Brighton Rock by Graham Greene – Culture in the Scrap Yard

Brighton Rock is Graham Greene’s 1938 novel depicting gangland conflict in 1930s Brighton.

I’ve read that Graham Greene novels can be divided into ‘entertainment’ and ‘serious’. Brighton Rock seems to be included in the entertainment category. The plot involves a murder, the police messing up, a determined, amateur lady sleuth stepping in. The part-time lady sleuth idea goes back to Andrew Forrester’s Mrs Gladden character created in 1864, and had plenty of mileage in the 1930s with Miss Marple, Nancy Drew, Harriet Vane, and others.

If this is a familiar genre thriller, does that mean it can’t be a serious book? Graham Greene was a serious fellow.

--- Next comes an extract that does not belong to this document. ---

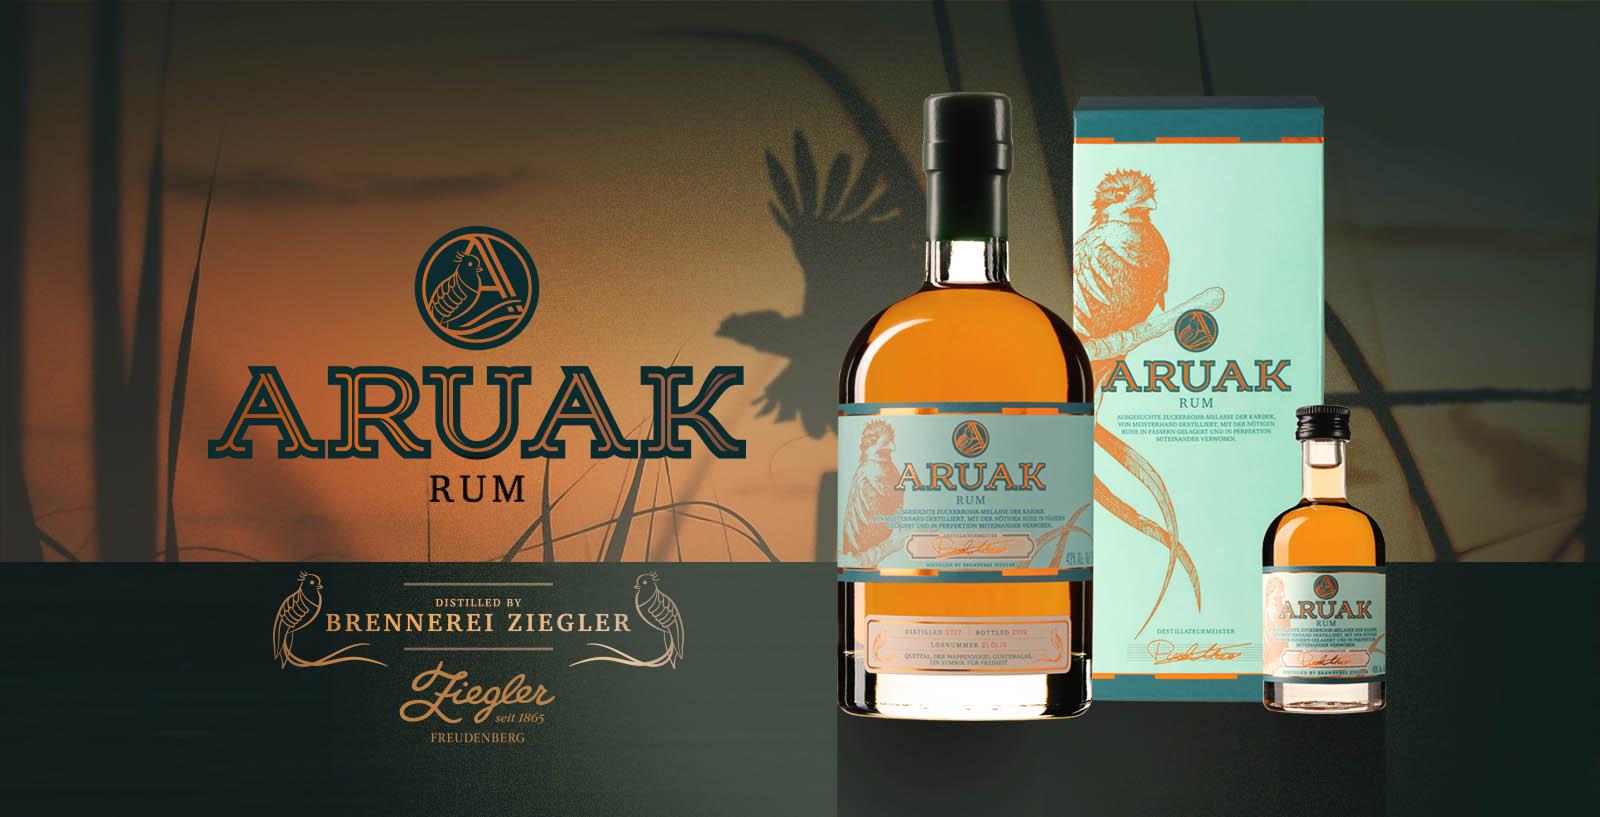 Aruak Rum - Ziegler Brennerei

I think he saw himself as better than some workaday writer of detective fiction. If he was going to write a commercial lady detective story, he was going to use it to reflect on popular culture in general.

What is the popular outlook according to Brighton Rock? In broad outline, it involves an intense, black and white conception of right and wrong, combined with a tendency to emotive superstition, and a trust in ordinary people over experts. The amateur lady sleuth, Ida Arnold, is rigid in her judgements, thinks the police are incompetent fools, and uses seances to provide guidance and clues. So, there’s a scary sense of seeing the world in stark categories of good and bad, who’s in or out, all caught up in a vague wash of emotion and credulity. It’s a combination of the judgemental and a lack of anything substantive on which to base judgements.

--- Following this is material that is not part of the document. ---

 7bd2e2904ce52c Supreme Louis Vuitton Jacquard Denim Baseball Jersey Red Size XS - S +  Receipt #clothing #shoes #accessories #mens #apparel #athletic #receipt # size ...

Brighton Rock portrays a chaotic society, as strident as it is superficial. This all sounds painfully familiar. Does Greene provide any answers? Well no not really. The mob lawyer character, Prewitt, well educated, with a penchant for quoting Shakespeare, is as much part of this gritty milieu as the young mobsters. And talking of Shakespeare, it has been noted, not just by me, that Brighton Rock, as well as feeling like a violent Miss Marple story, is also reminiscent of something much more high end – Macbeth, no less. Ambitious young man commits murder and then gets pulled into more murder to cover it up. There doesn’t seem to be any meaningful divide between high and low brow in the world of Brighton Rock. Pinkie the young aspiring gangland boss even comes out with Latin phrases on occasion.

So does modern consumer culture swallow everything? That might be one way to look at it. The gang leader Pinkie is a Catholic, and even the ancient Catholic Church might become another expression of the popular outlook. After all, an intense, judgemental, black and white conception of right and wrong, combined with a tendency to emotive superstition, might not just apply to secular Ida and her seances.

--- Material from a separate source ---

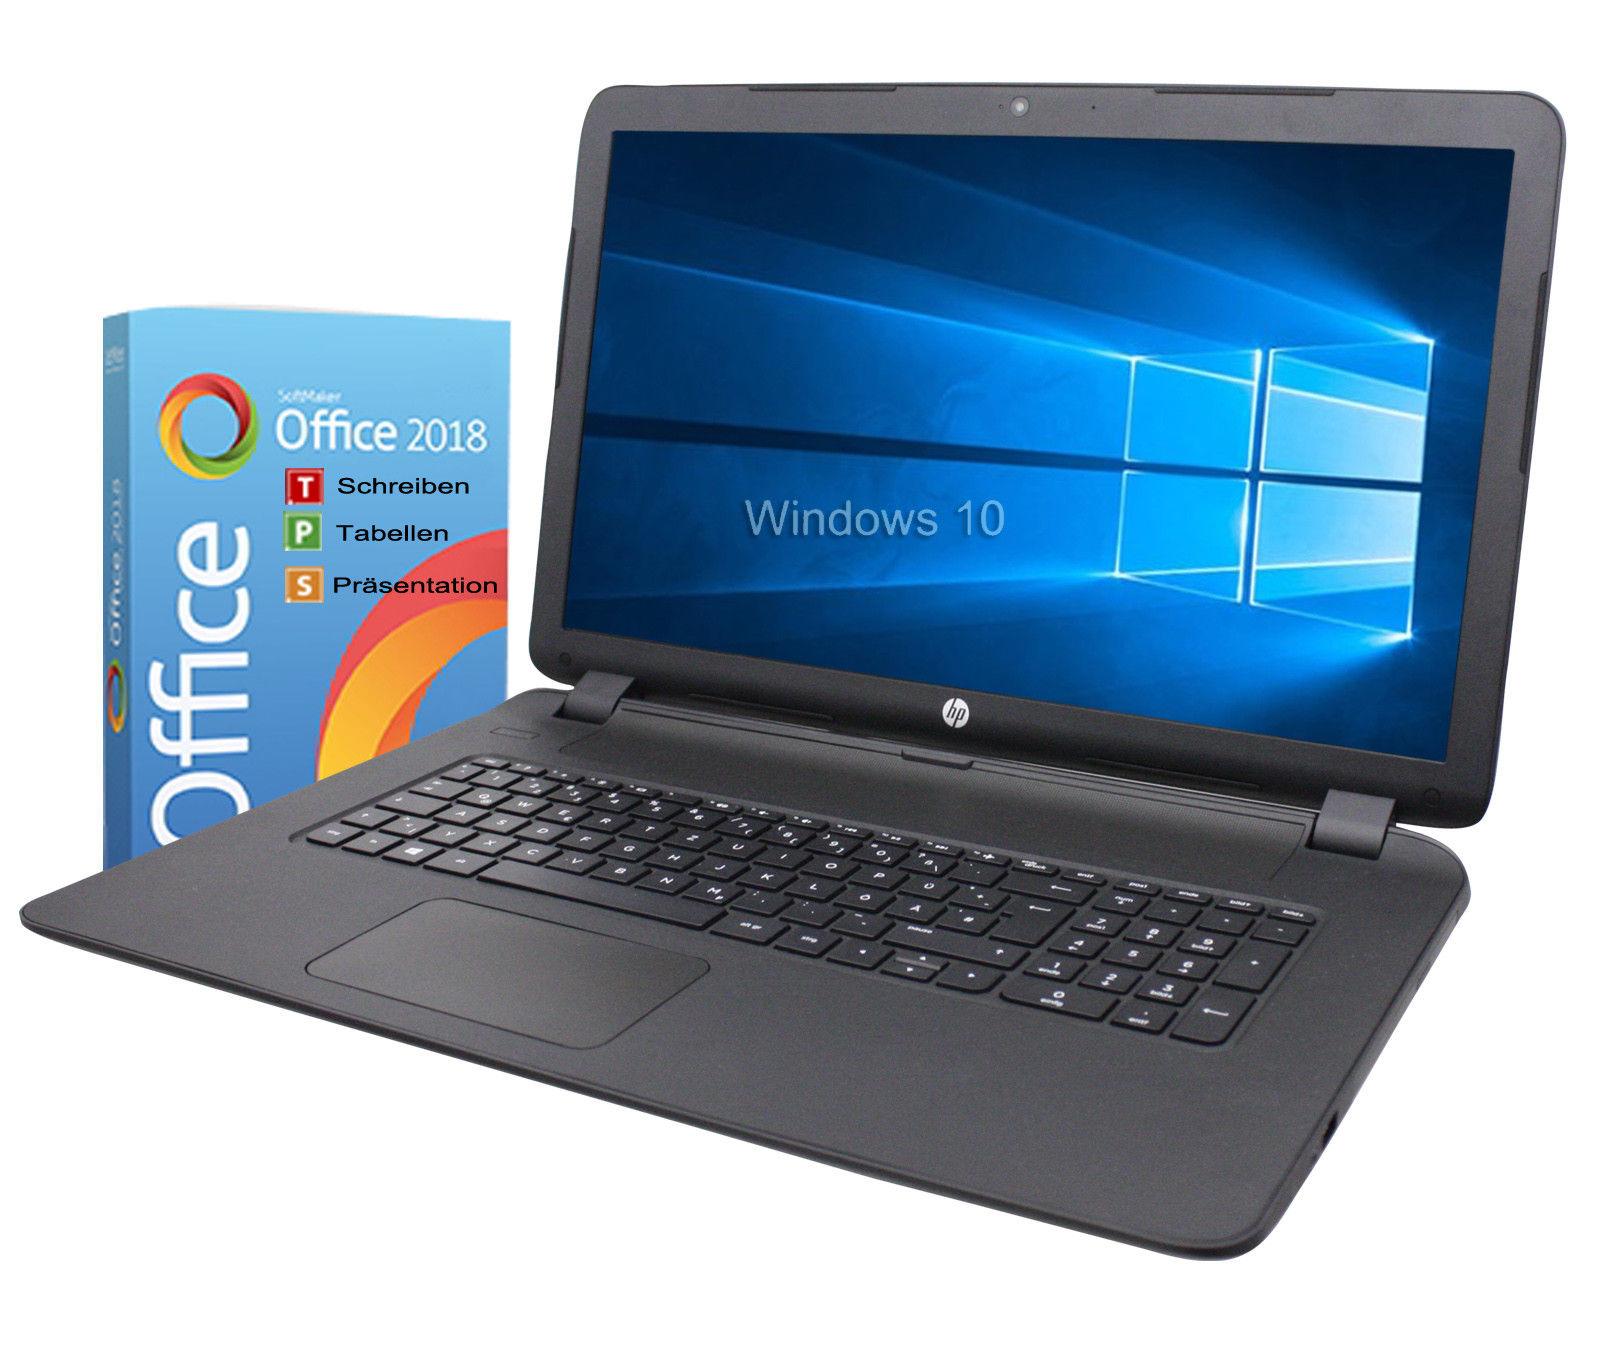 HP Notebook 17 Zoll HD+ Dual Core 2x 2,4GHz 4GB 1TB Win10 / Office 2018

I spent a long time thinking about this book, and had a few tries at writing a review. I suppose in the end I came to think of Brighton Rock as a prescient portrayal of how the popular can become the populist. That was certainly interesting. But the bleakness was a bit much. Popular culture isn’t necessarily rubbish. In his time Shakespeare was very much a popular playwright rather than an academic one. Then again maybe Greene would grudgingly agree, since he mixes high and low brow in the way he does. It’s not a gentle mixing, it’s like a scrapyard crushing a Rolls Royce with a Ford Fiesta and presenting a reader with the compacted result. But still, there is a lot to think about here as you look into the tangled mess of what was once Rolls Royce and Ford Fiesta.